Introduction
Immune
response variations may help define successful resistance to Hepatitis C
virus (HCV) infection particularly among seronegative healthcare
workers, reviewed elsewhere [1]. Toll-like receptors (TLR)-3 are
innate detectors of dsRNA of viruses while TLR9 recognizes bacterial and
viral unmethylated CpG motifs. HCV virions bind to the cell surface and
get into the cell through receptor-mediated endocytosis. The structure
of HCV with different parts are recognized by different TLRs. The core
and non-structural (NS) proteins are vital sequences recognized by
pattern recognition receptors (PRRs), including TLRs. They are, also,
important inhibitors of TLR signalling [2, 3]. HCV core and NS
proteins are important pathogen-associated molecular patterns (PAMPs)
for TLR2, TLR3, TLR4, TLR7, 8, and 9. TLR3 is critical for its antiviral
immune actions, as it stimulates non-parenchymal liver to regulate HCV
replication through the synthesis
of interferon (IFN)-β [4, 5]. In chronic HCV infections, TLR3 mRNA
is significantly increased in monocytes [6]. An IFN-responsive
element has been identified in the TLR3 gene promoter region and, so, it
appears likely that expression TLR3 is responsive to IFN treatment in
HCV infection [7]. Myeloid dendritic cells (mDCs) have ordinary
operative TLR3 and are capable of producing interleukin (IL)-12, IL-6,
IL-10, IFN-γ, and tumour necrosis factor (TNF)-α with TLR3 stimulation
regardless of HCV infection [8].
HCV viral proteins activate TLR signalling, which plays a significant
role in viral immune clearance. However, HCV can at the same time evade
immune clearance by targeting and ruining TLR signal transduction via
numerous mechanisms. First, HCV intervenes with signalling via the
TIR-domain-containing adapter-inducing IFNβ/TANK-binding kinase
(TRIF)/TBK)1-Interferon regulatory factor 3 (IRF3) pathway. The HCV NS3
protein induces degradation of TRIF, while the NS3/4A protein prevents
IRF3 and NFκB activation by downgrading the amount of TRIF in serum and
by producing cleavage products with dominant-negative action [4, 9].

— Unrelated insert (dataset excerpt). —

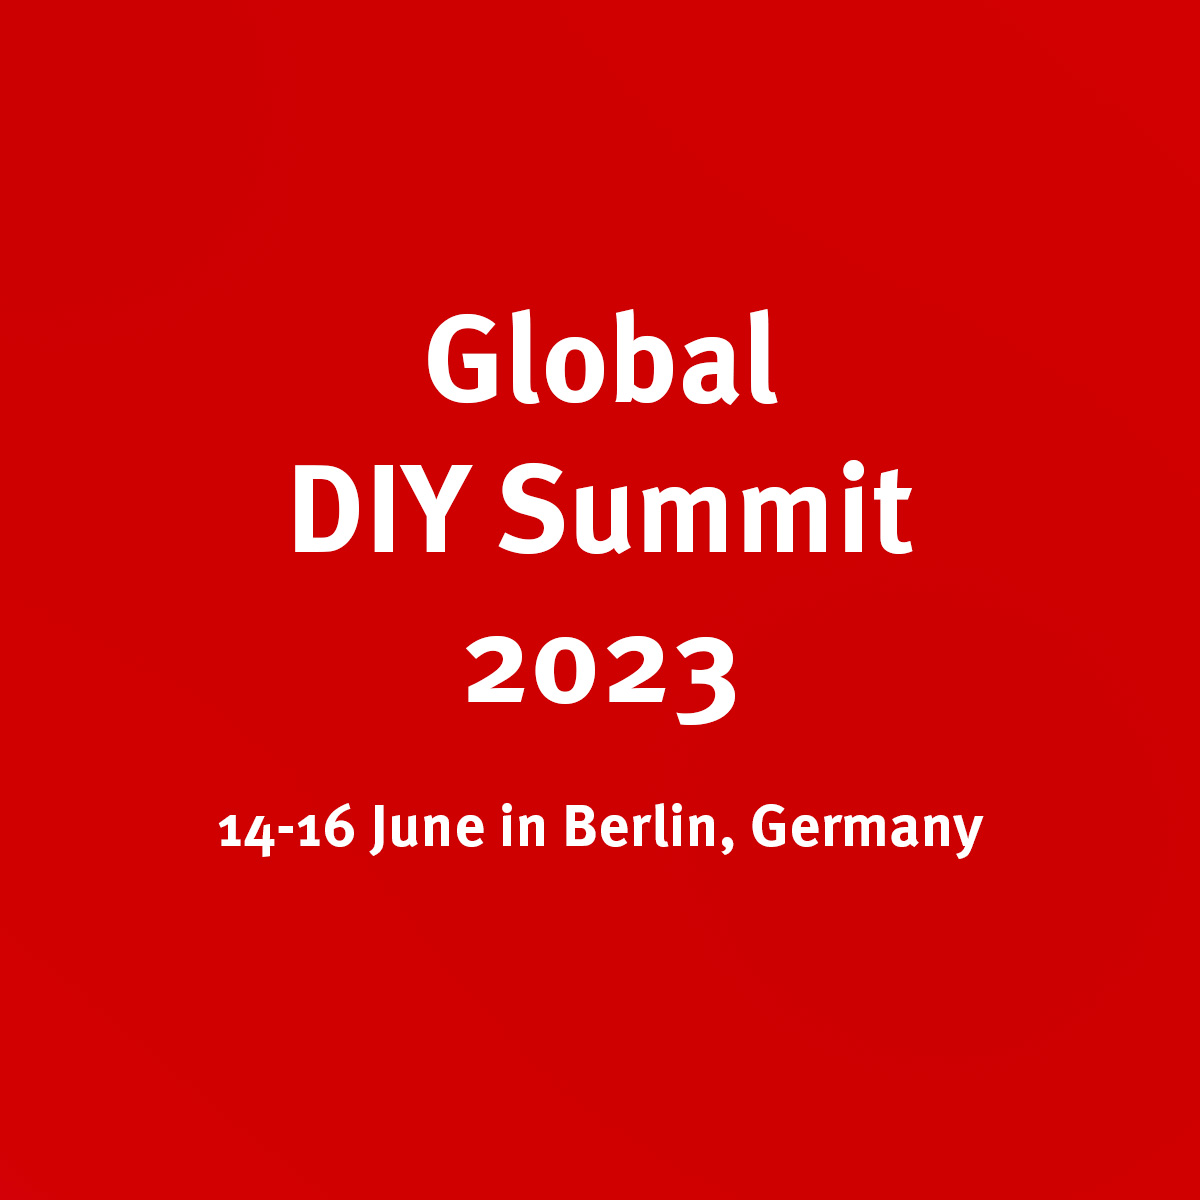 diy summit 2023

NS3/4A, also, interacts directly with TBK1 to reduce the interaction
between TBK1 and IRF3 and, so inhibit IRF3 activation [10]. HCV,
also, interferes with the TLR-MyD88 (Myeloid differentiation primary
response 88) pathway through NS5A interaction with MyD88 to prevent
Interleukin-1 receptor associated kinase 1 (IRAK1) recruitment and
cytokine production in response to ligands for TLR2, TLR4, TLR7, and
TLR9 [11].
HCV has been shown to regulate the expression of TLR9 through the
transcription factor (Elk-1), which is an essential signal integration
point between T-Cell Receptor (TCR) and CD28 in T helper 1 (Th1) cell
activation [12]. HCV, also, impedes the production of IFN-α and
IFN-β through TLR9 and decreases human leukocyte antigen DR (HLA-DR)

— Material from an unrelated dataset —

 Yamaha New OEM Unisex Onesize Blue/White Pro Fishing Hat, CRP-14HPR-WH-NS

expression by pDCs, linked to diminished activation of naïve T cells
[13]. TLR9 signalling in mDCs is unchanged [8, 13].
Consequently, it is clear that compartmentalization of the outcomes on
TLR function is a crucial strategy by which HCV can escape immune
surviellance yet can lead to chronic inflammatory hepatic injury and
fibrosis.
We previously showed that TLR3.rs3775290 “CC” genotype was associated
with HCV chronicity, while TLR9 gene played no major role in HCV
infection [14]. This study identified the role of TLR3.rs3775290
(c.1377C/T), TLR9.rs5743836 (-1237T→C) and TLR9.rs352140 (G2848A) single
nucleotide polymorphisms (SNP) in predicting the outcome of HCV-specific
cell-mediated immunity (CMI) among Egyptian healthcare workers (HCWs)
and patients. We show that TLR9.rs5743836 SNP; but not TLR3.rs3775290 or
TLR9.rs352140 genotypes; could predict the outcome of HCV-specific CMI
responses among genotype-4-infected Egyptians.